I have some sympathy for these ideas. Nevertheless, I have implemented content filtering on my network.
Why content filtering?
There are some pretty nasty sights on that thar intarweb. And I'm not just talking about Rick Astley and Goatse. Pedophile grooming and child pornography are the headline dangers, though in all honesty, I think they might be a bit over-hyped. Lesser dangers - yet greater threats - include Phishing sites, malware and other scams. Nevertheless, I'd prefer that no-one on my network downloads child porn, thank you very much.
The first thing to say is that education and open, honest discussion about these dangers are far more important than rigid, knee-jerk filtering. At all times I have discussed the filtering options with my growing kids; shown them what restrictions I am placing on them and why. We have discussed viruses, malware, chatroom dangers, personal privacy and copyright issues. As they have grown, we have discussed what filters can be lifted and how they can protect themselves against the bad stuff out there.
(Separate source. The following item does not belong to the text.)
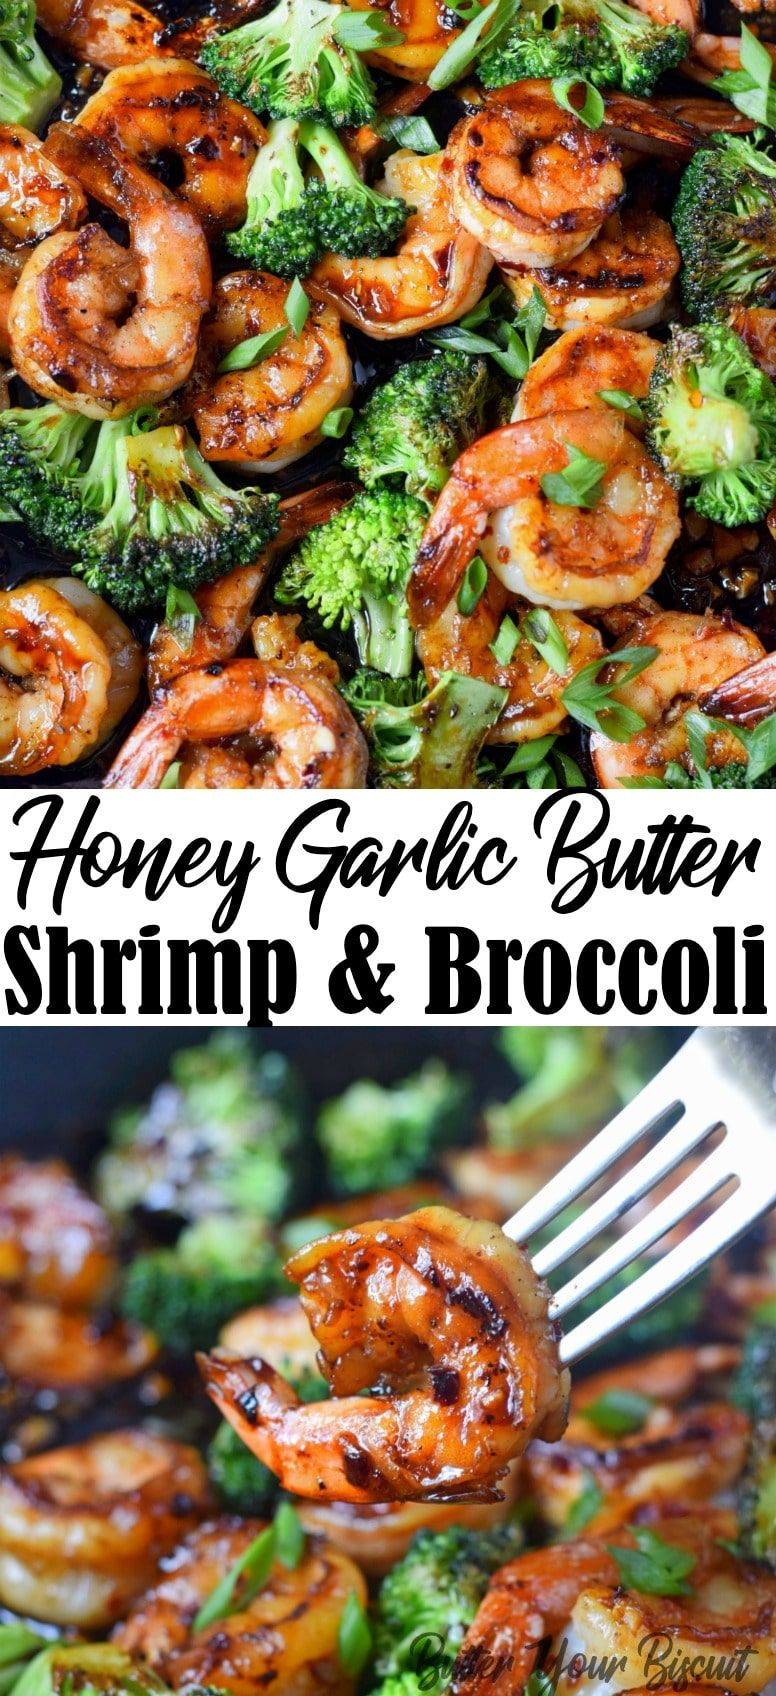 Honey Garlic Butter Shrimp & Broccoli - Butter Your Biscuit

Second, I make my living from writing. Copyright law works in my favour. If everyone ignored copyright law, then I'd have a problem making any money. So whatever I might think of the business model of the gaming companies and the music publishers, I'm not going to allow people on my network to download copyright-protected files.
Third, AspieBoy is just 12 years old. For the time being he mostly plays Runescape and watches Top Gear and suchlike online. More recently there have been some soft porn sites on his list and he's started looking for some uhm, "interesting" videos on YouTube recently.
AspieGirl is nearly 16. Although there's not much that would faze her nowadays, there are still some limits to what she ought to be looking at, even in the privacy of her own room.
Finally, when they do their homework, the interweb is a great opportunity for distraction and procrastination, so we have a spare machine which is used for homework, and I want to prevent them going on their favourite time-wasting sites when they are supposed to be doing homework.
The bottom line is that I want to be able to prevent anyone -- visitors or kids -- from doing illegal stuff on my network, and I want to be able to prevent the kids from doing silly, dangerous stuff on the web.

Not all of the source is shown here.